Глюкман посмотрел на него и мотнул головой.

– Поверь, Джонни, эта роль не для тебя. Мне важно, чтобы ты всегда был где-то рядом.

Они почти дошли до бунгало и Колхейн, у которого в холодильнике было полно пива, уже мысленно открывал первую банку, когда за спиной внезапно раздалось громкое противное завывание.

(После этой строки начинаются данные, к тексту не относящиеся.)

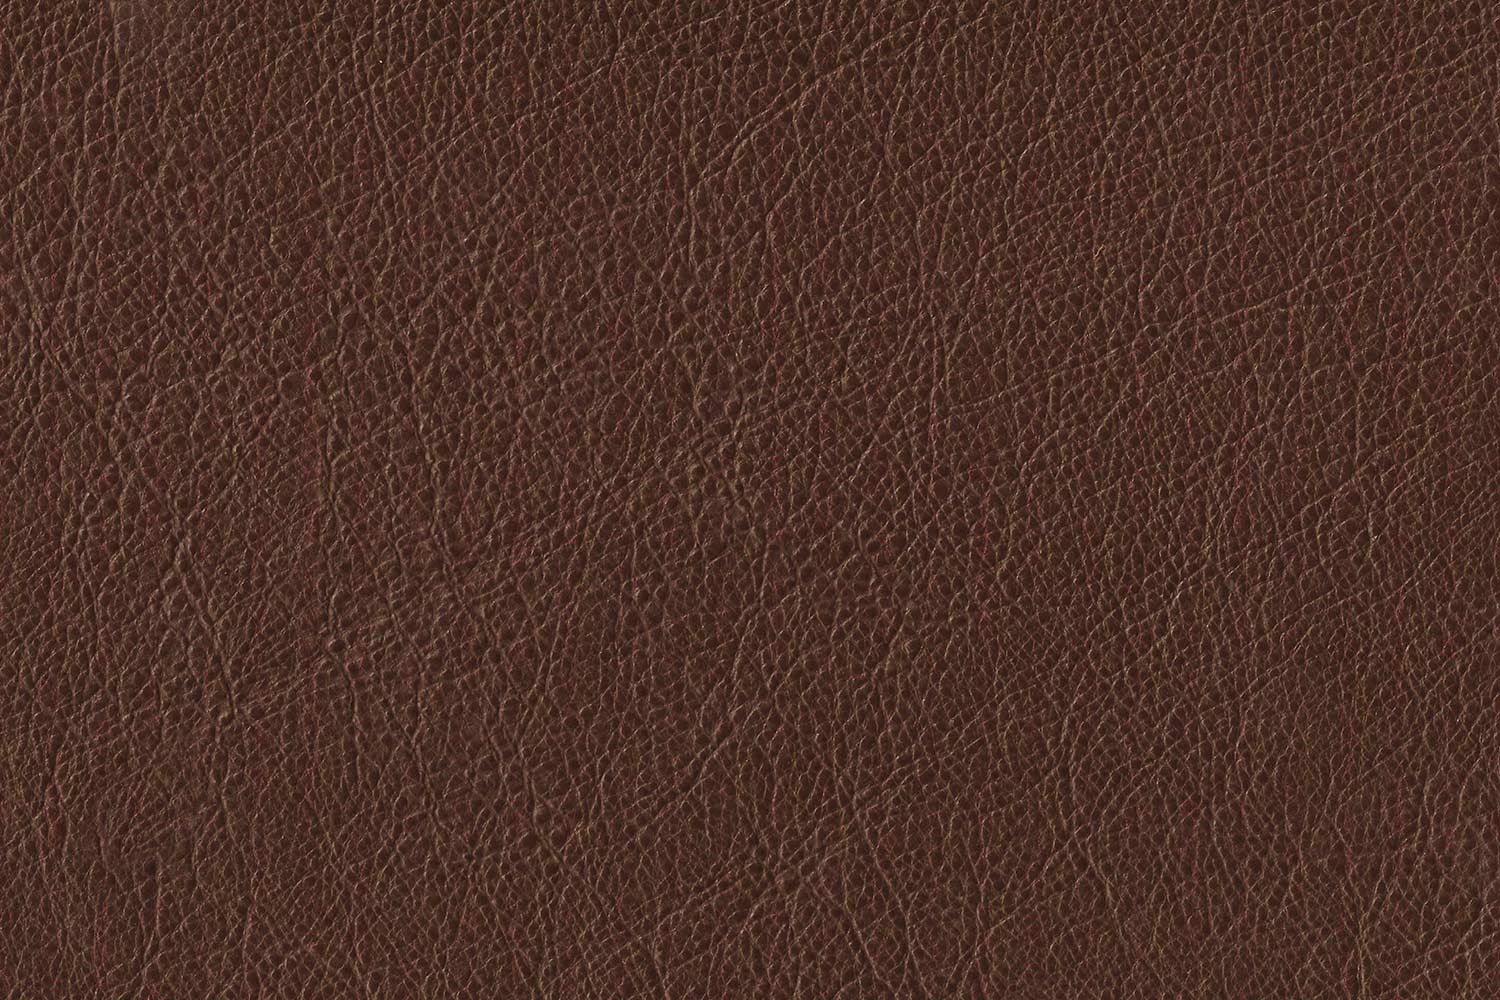 Wanderings Assorted Colors Leather Scraps for Leather Crafts – 3lbs Mixed Sizes, Shapes with 36 Cord - Full Grain Buffalo Leather Remnants from Journal Making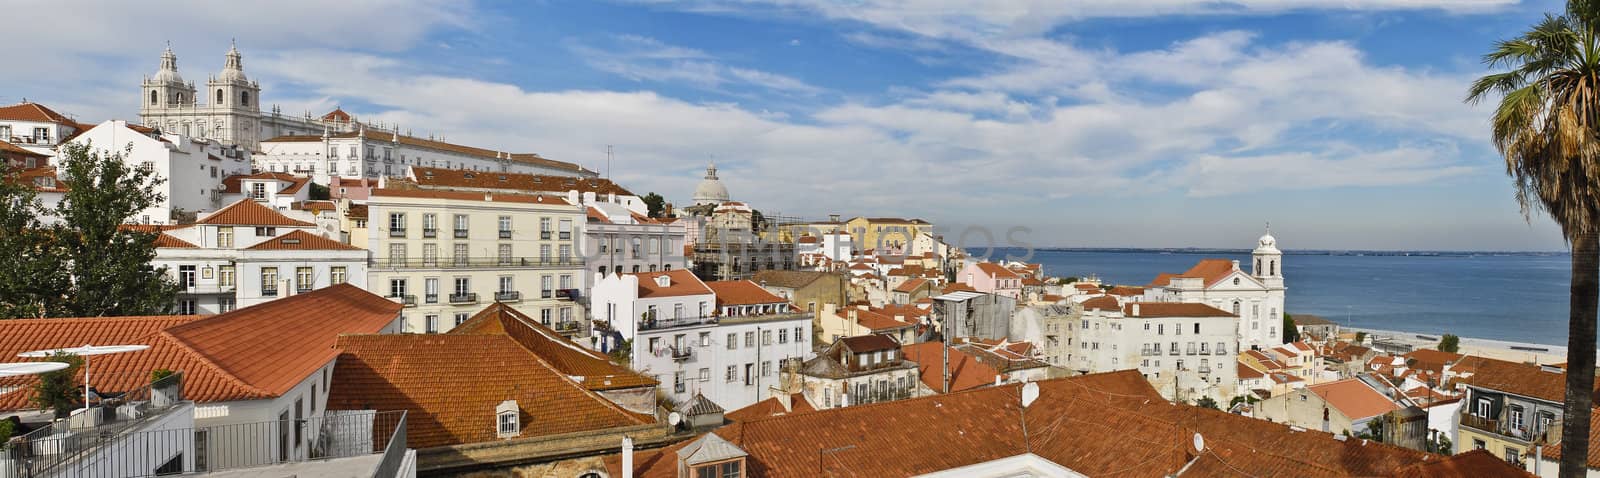 Panorama from Lisbon city in Portugal, Europe.

– Какой мерзкий звук! – поморщился Глюкман.

– Босс, – остановил его Колхейн. – Кажется, это наша машина…

Лео Глюкман не отличался особым проворством и подбежал к стоянке, когда Колхейн уже выключил сирену. На переднем крыле пылали пятна желтой аэрозольной краски. Такие же следы Колхейн позднее обнаружил на заднем номере и хромированном бампере машины.

– Проклятие! – выругался Глюкман, оглядываясь по сторонам. – Если я узнаю, кто это сделал…

Они опять включили сигнализацию и побрели к бунгало.

– Подонки, они даже не представляют, на кого замахнулись! – неистовствовал Глюкман.

– Уверен, это чья-то ошибка, – пытался успокоить его Колхейн.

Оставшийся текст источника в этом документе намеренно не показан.